:: Exercise materials
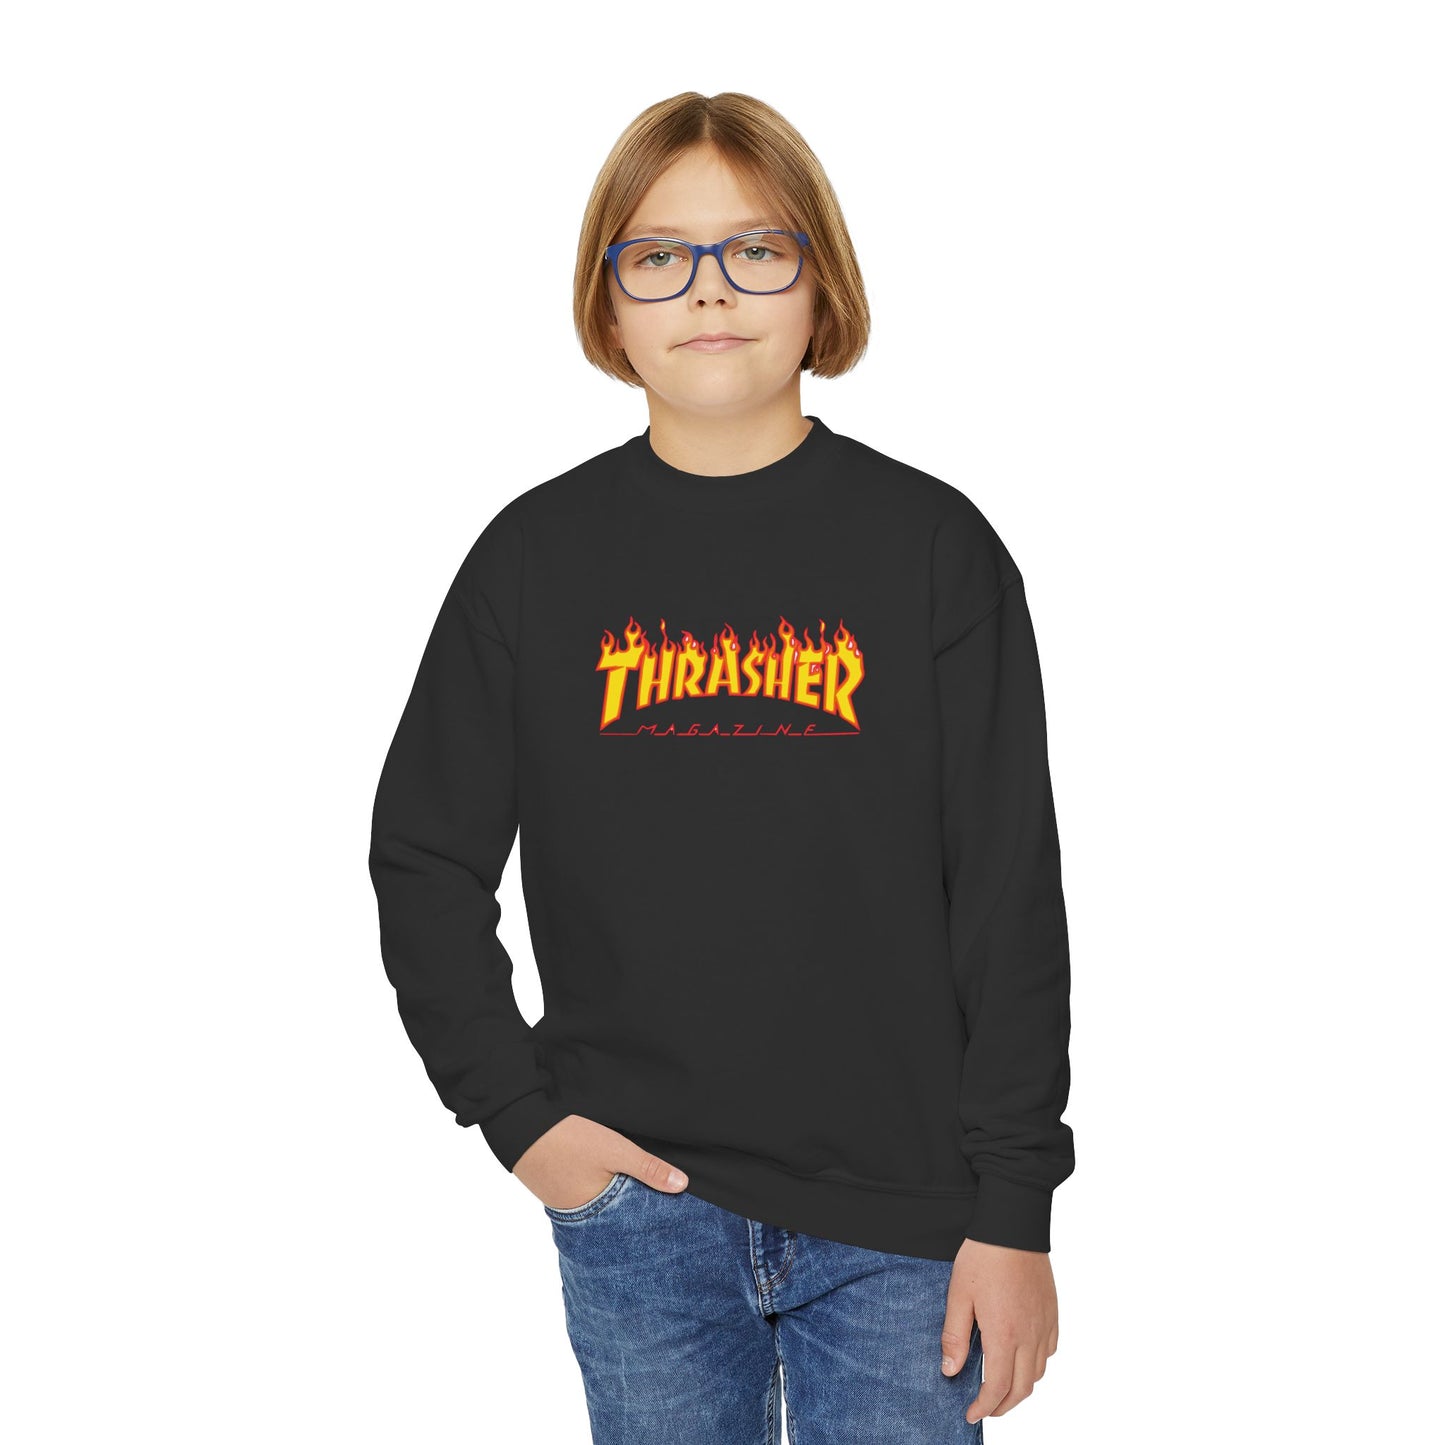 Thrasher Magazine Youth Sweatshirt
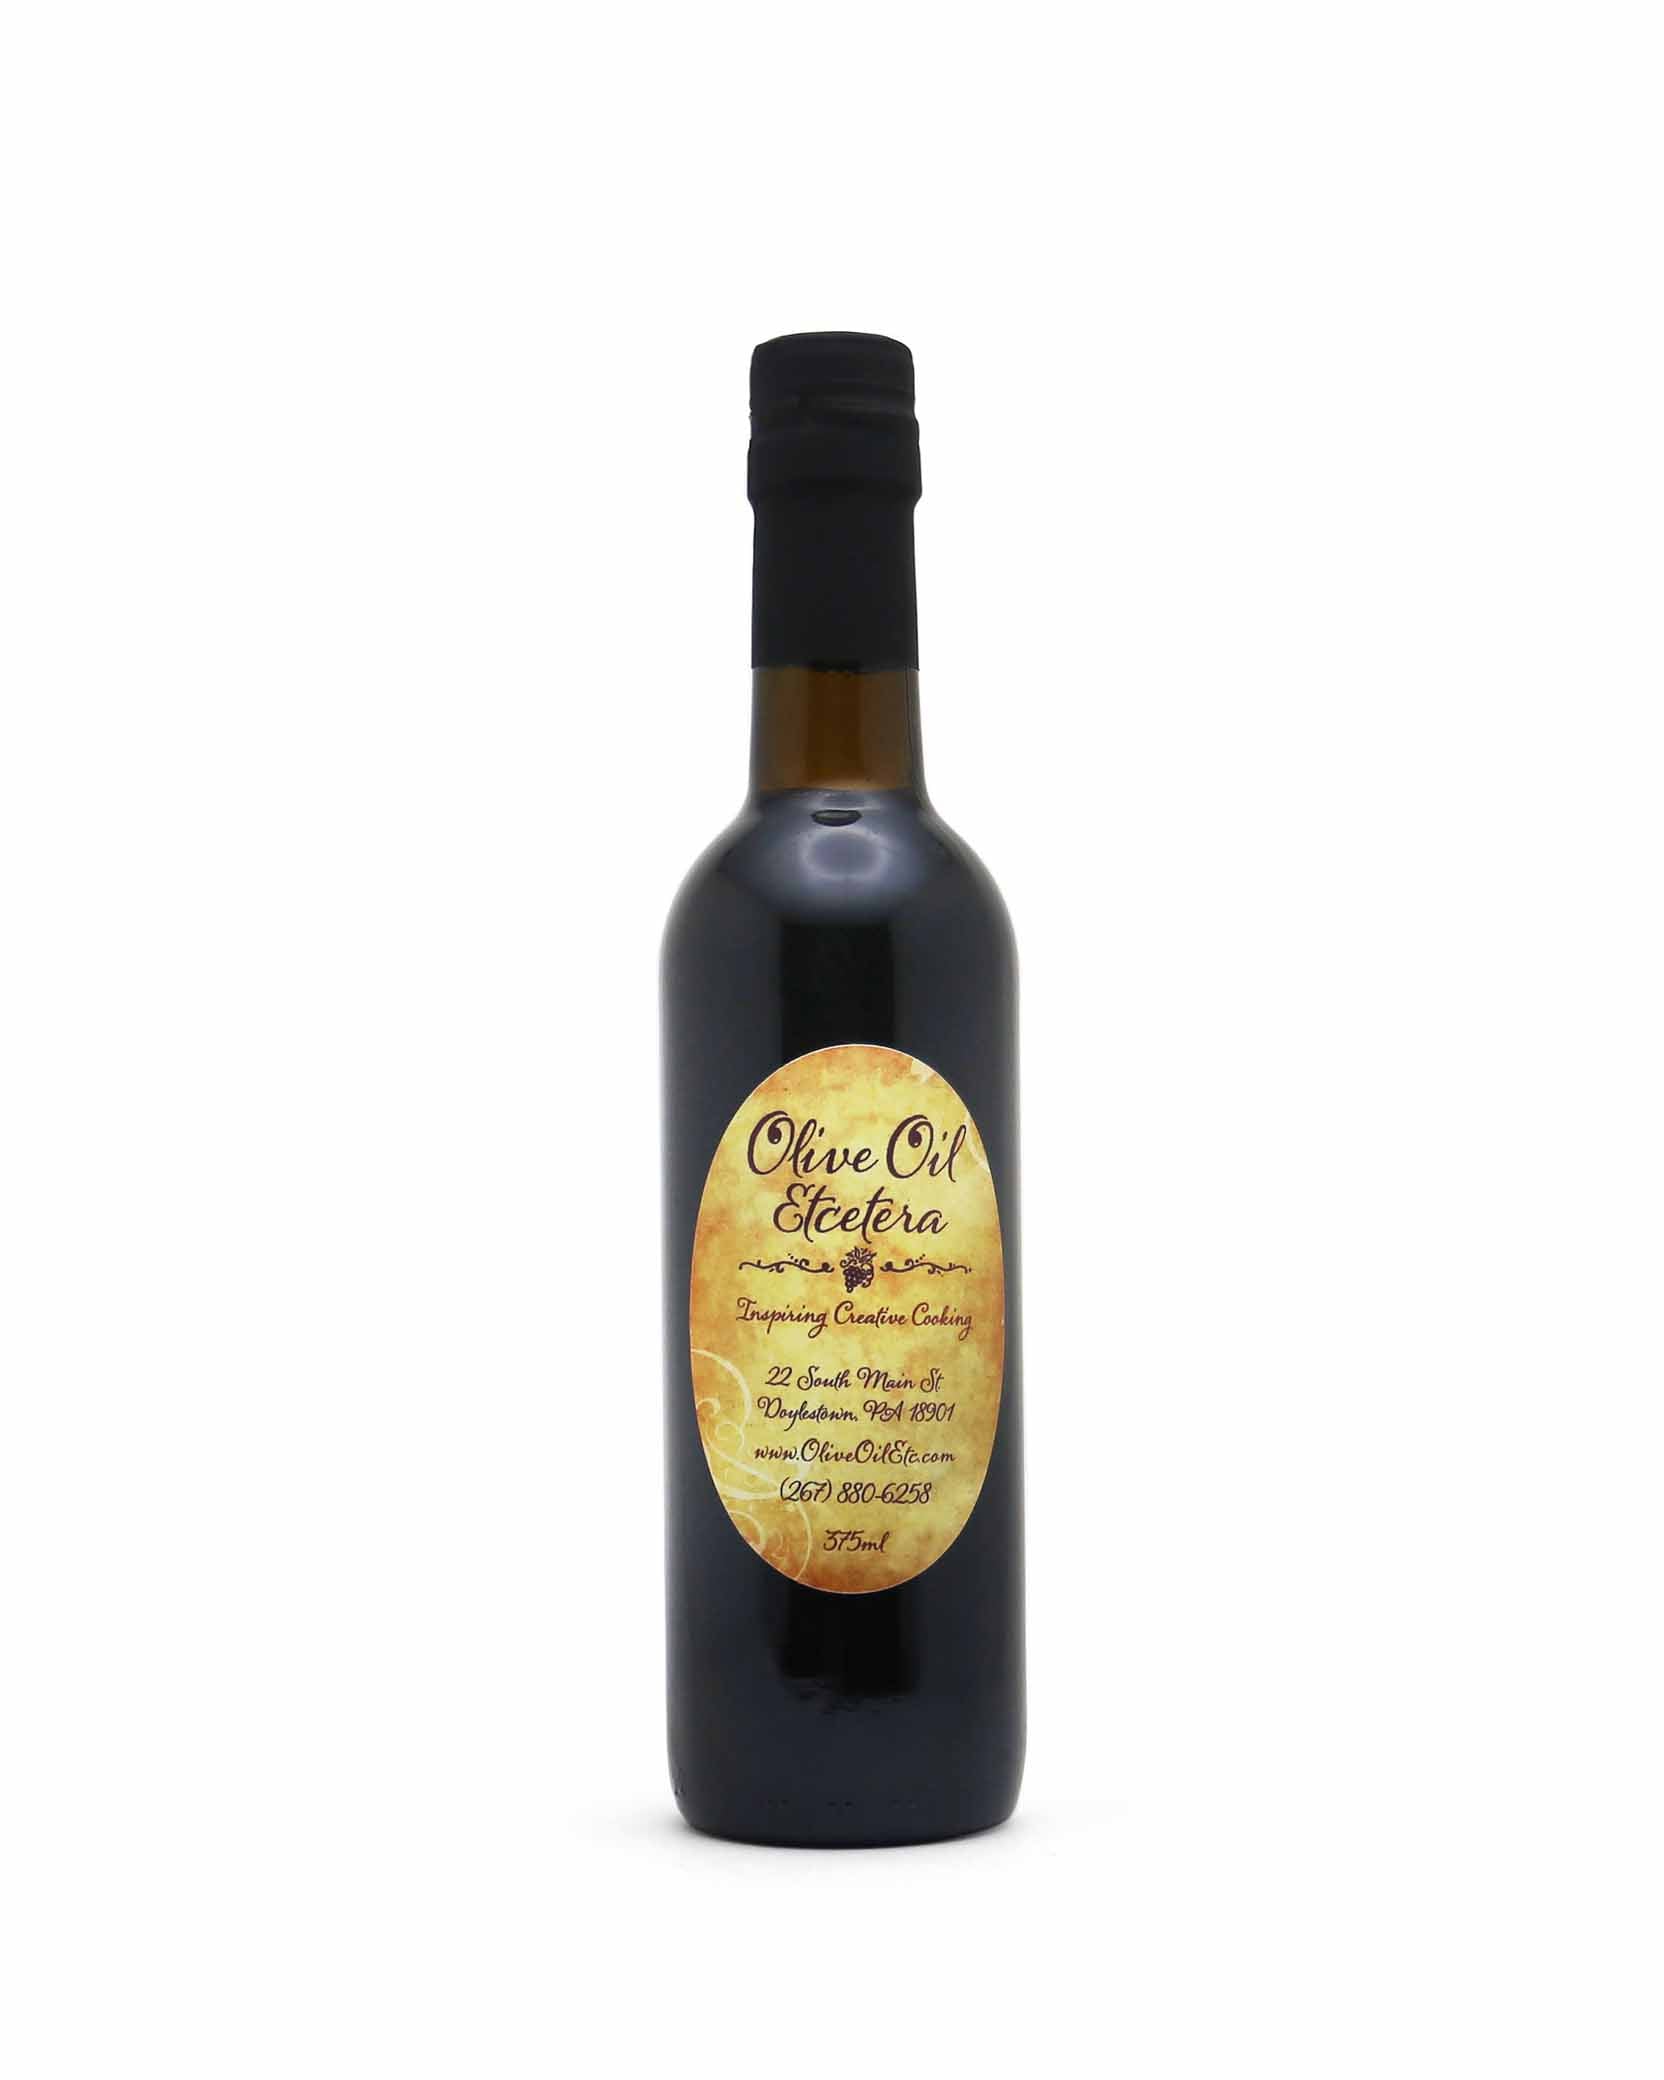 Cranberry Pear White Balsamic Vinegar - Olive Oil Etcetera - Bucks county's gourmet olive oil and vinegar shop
::::
:: Exercise materials
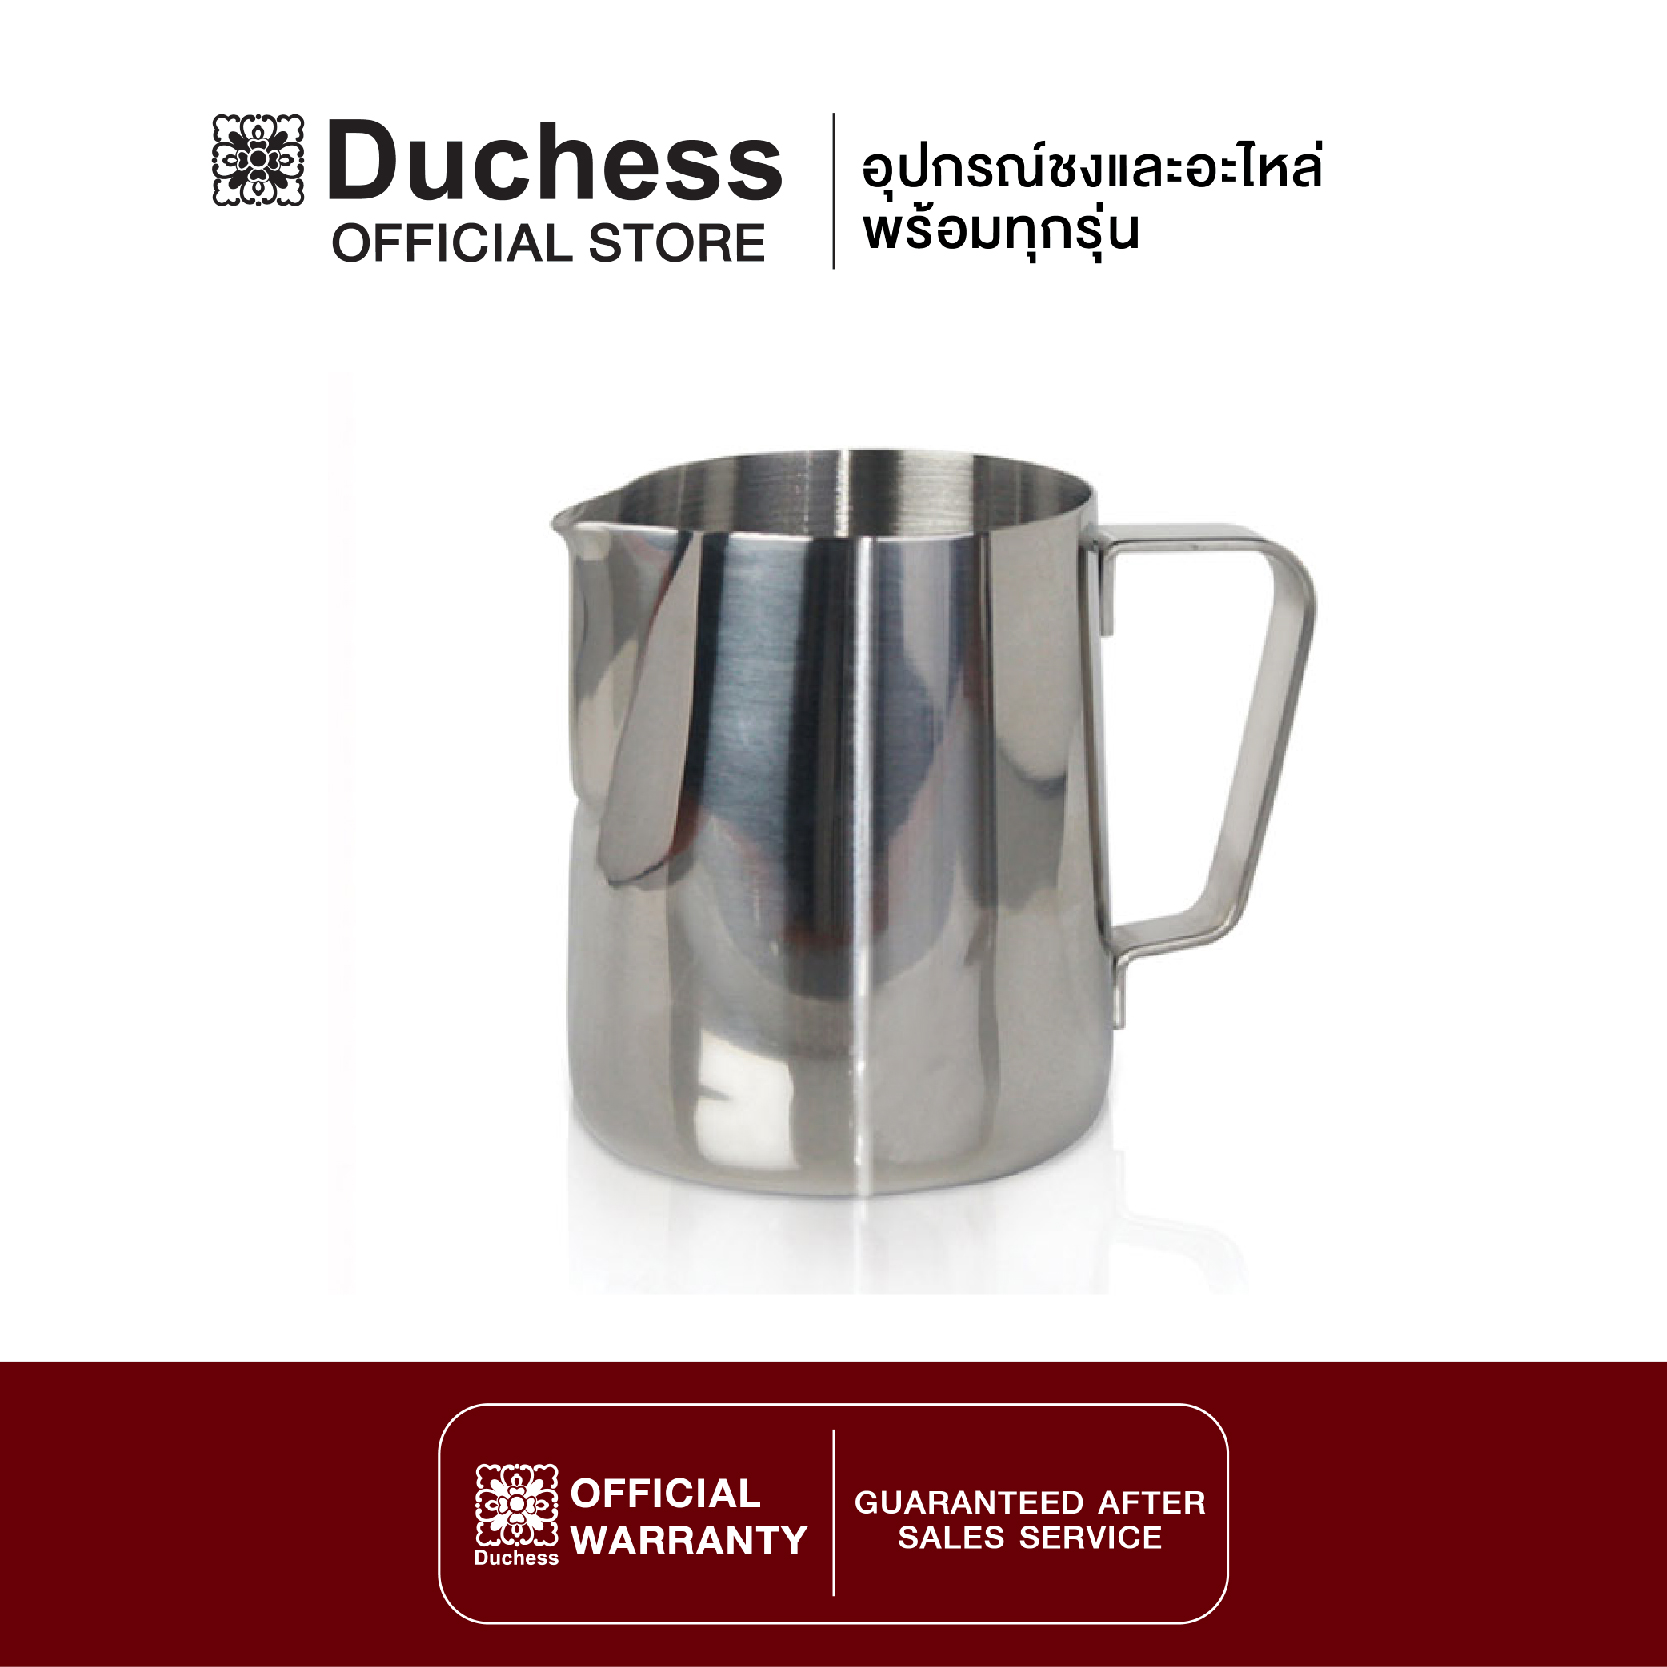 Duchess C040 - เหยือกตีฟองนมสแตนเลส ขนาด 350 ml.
::::
● How to complete this task: Give back, exactly and without pictures, the stretch of the records above from the line containing "Thrasher Magazine Youth Sweatshirt" through the line containing "Cranberry Pear White", with both end lines included.

● Answer section:
 Thrasher Magazine Youth Sweatshirt
 Cranberry Pear White Balsamic Vinegar - Olive Oil Etcetera - Bucks county's gourmet olive oil and vinegar shop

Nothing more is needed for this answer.